For unstructured data item, its similarityFor the text collection T and medical data of the unstructured data item Jaccard similarities SIM (S, T) in storehouse between the text collection S of existing homogeneous data item,
Wherein, SIM (S, T)=| S ∩ T |/| S ∪ T |,
Further, the text collection T of unstructured data item and existing like numbers in medical data base are directly being calculated Before the Jaccard similarities between the text collection S of item, also text collection T and text collection S are pre-processed as follows:
(i) using storehouse is segmented, the text field in T and S is resolved into some words, and using each word as minimum treat number According to item,
(ii) by the corresponding participle data item from T and S according to K-shingle algorithms one by one compared with.
Further, the participle storehouse includes three parts:
Medicine name part, it includes medicine trade name, the English alphabet abbreviation of common name and common scheme;
Symptom description part, it includes the common symptom of medical treatment and describes everyday words;
Genetic test part, it includes the result description of the site abbreviation of genetic test and genetic test.
The classification of medical data is illustrated by taking tumour case history as an example below.
Core texture data item is listed in table 1 in case history,
Table 1
, unstructured data is:T1 main suit, T2 historical therapeutics scheme and T3 this therapeutic scheme.
According to inventor's practical experience, above structuring core data is classified again:
It is detailed that A excludes array:
Disease name first-level class, disease name secondary classification, patient name abbreviation, sex, birthplace, the date of birth, Hang up one's hat ground, occupation, nationality, hospital name, section office, ID number (case history/Reference Number), admission number, admission time, discharge time, Differentiation degree and pathology title,
It is detailed that B obscures array:
Marital status, staging, disease TNM stage, whether shift, metastasis site, first admission time, be admitted to hospital first Symptom, first symptom occur to go to a doctor period, this symptom of being admitted to hospital, this symptom time of occurrence, smoking, the length of smoking, drink, Wine storage time, obsterical history and familial inheritance tumour medical history.

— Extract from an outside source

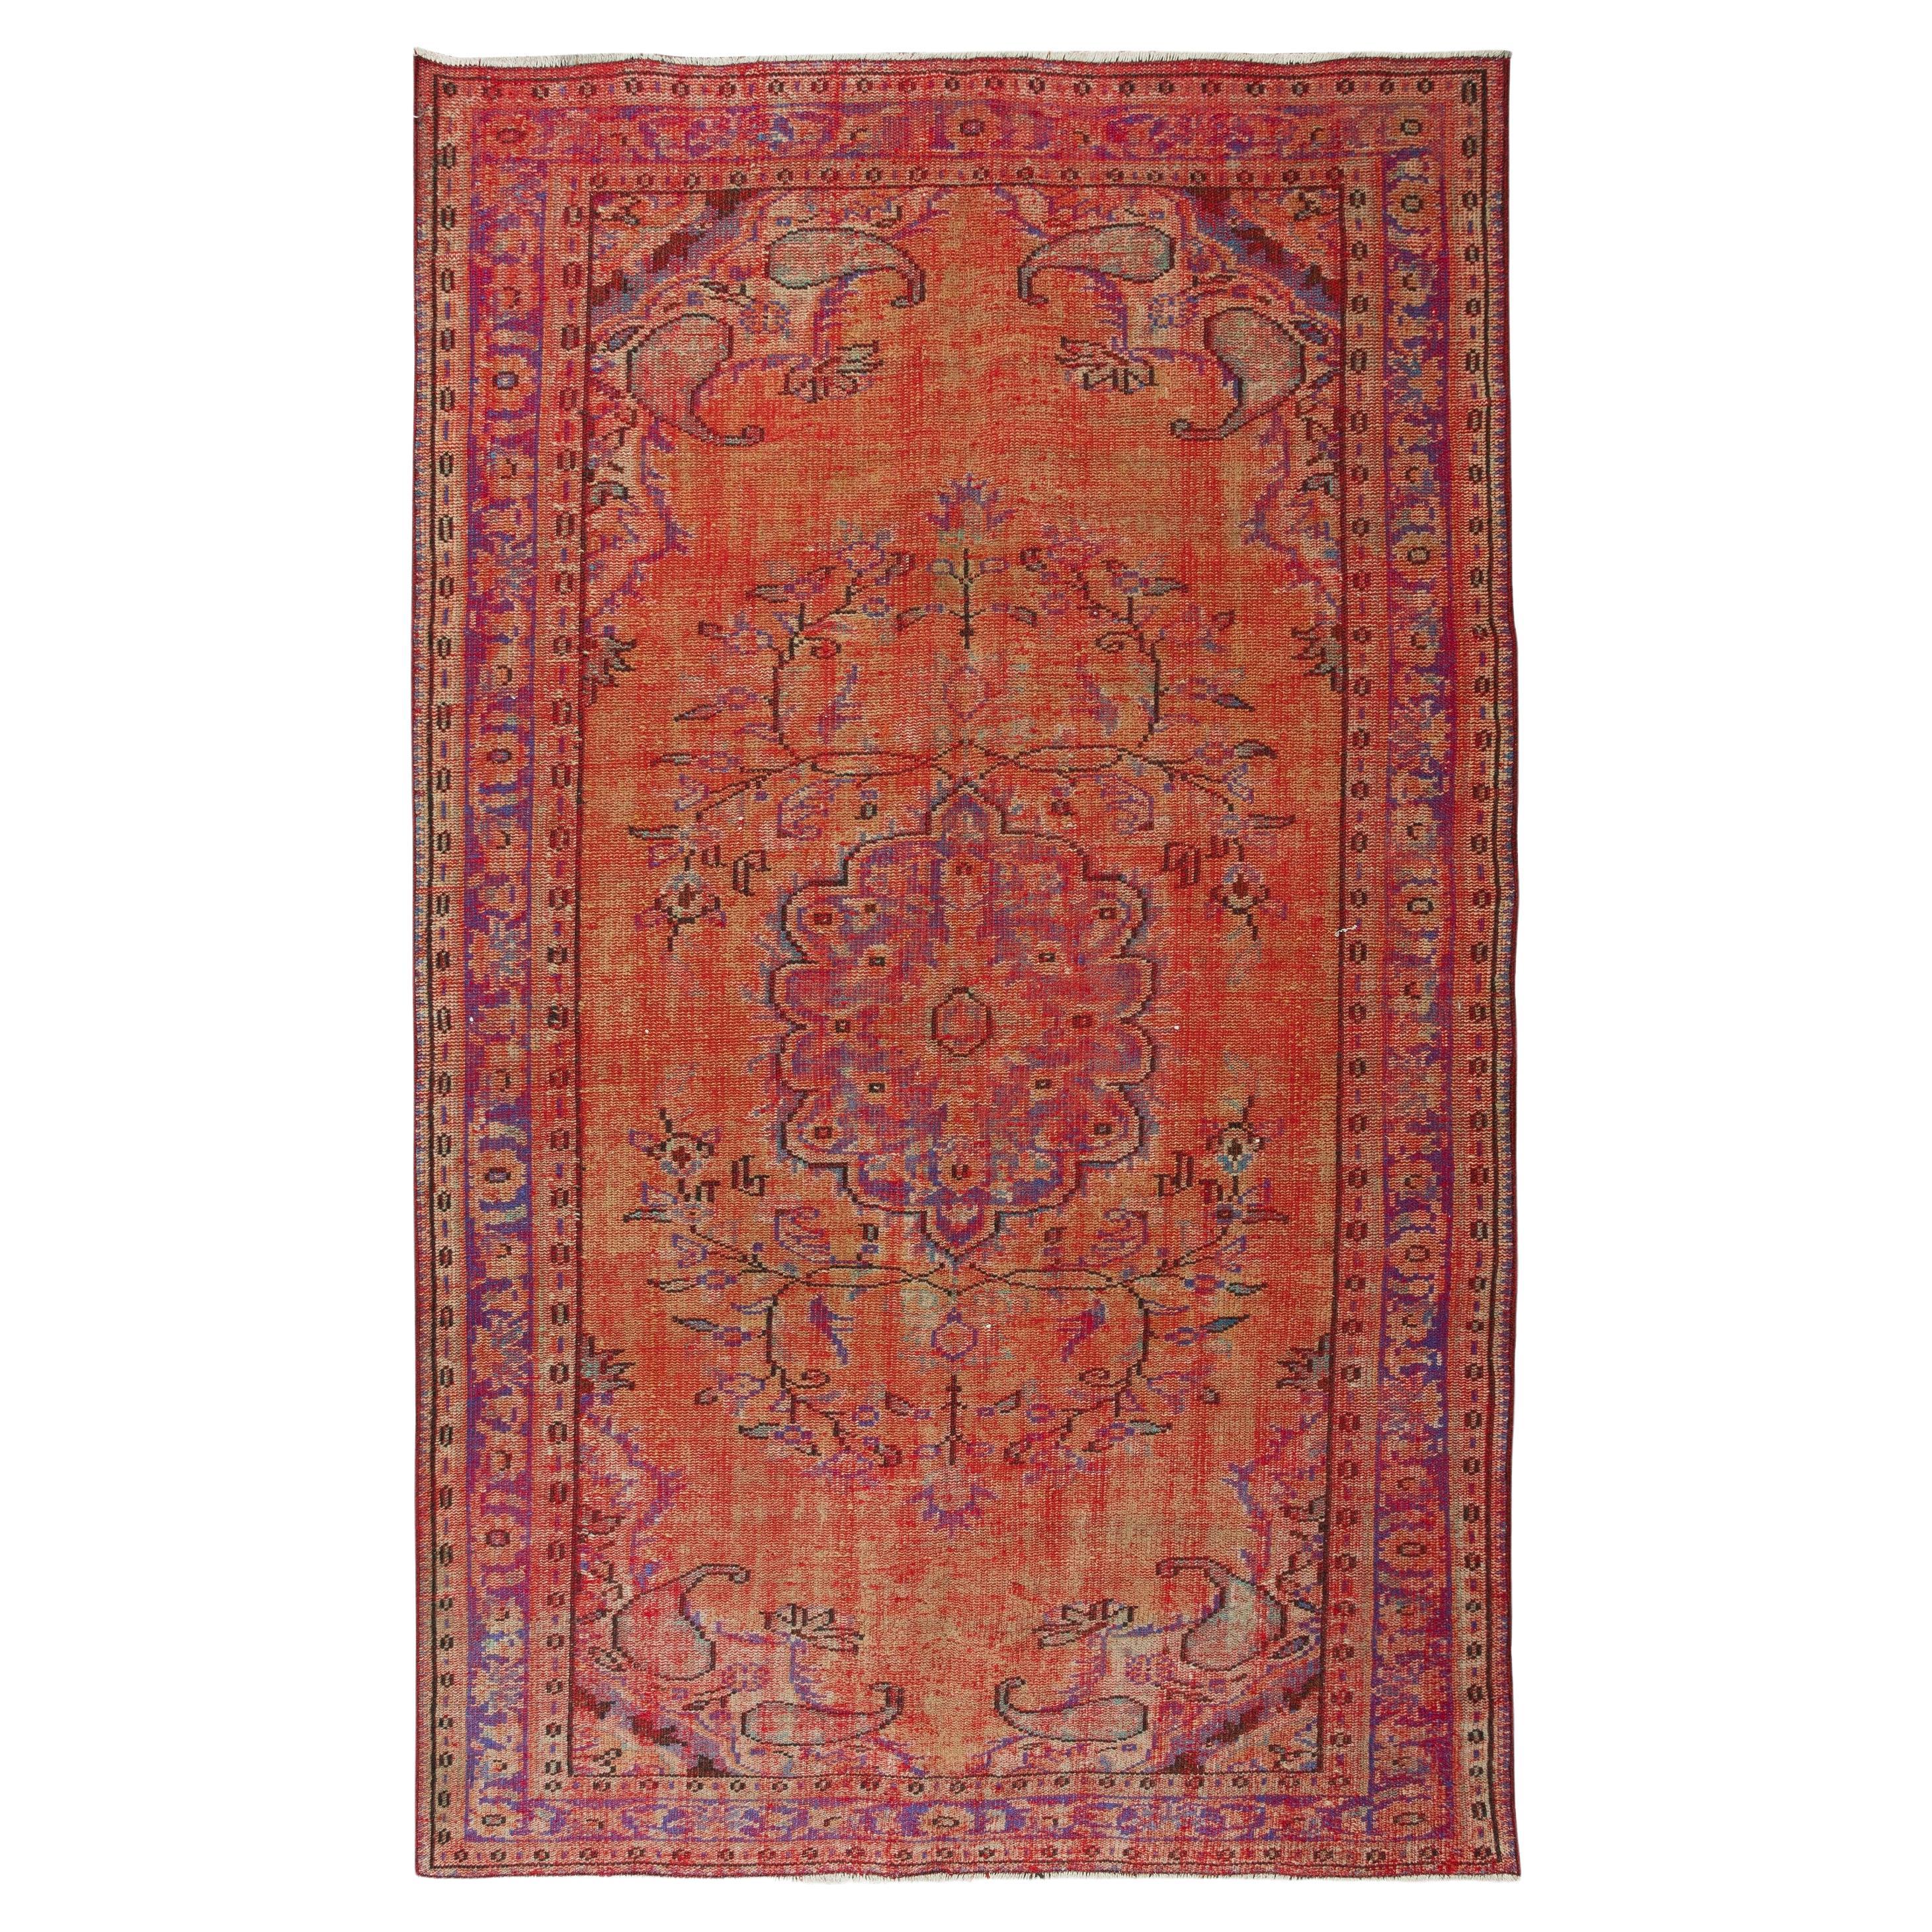 1960s, Orange Overdyed Rug for Modern Interiors, Turkish Handmade Carpet

It should be noted that above classification for tumour case history only for make core data item of the present invention and Core data these definition of classifying are more directly perceived, and can not limit core data item of the present invention and to core data item The method of classification.For different types of medical data, different core data items can be set, same core can also be directed to Heart data item carries out the different setting for excluding array and fuzzy array.But for these settings, its authority is only limitted to specific A few peoples, general curative data input person is not opened.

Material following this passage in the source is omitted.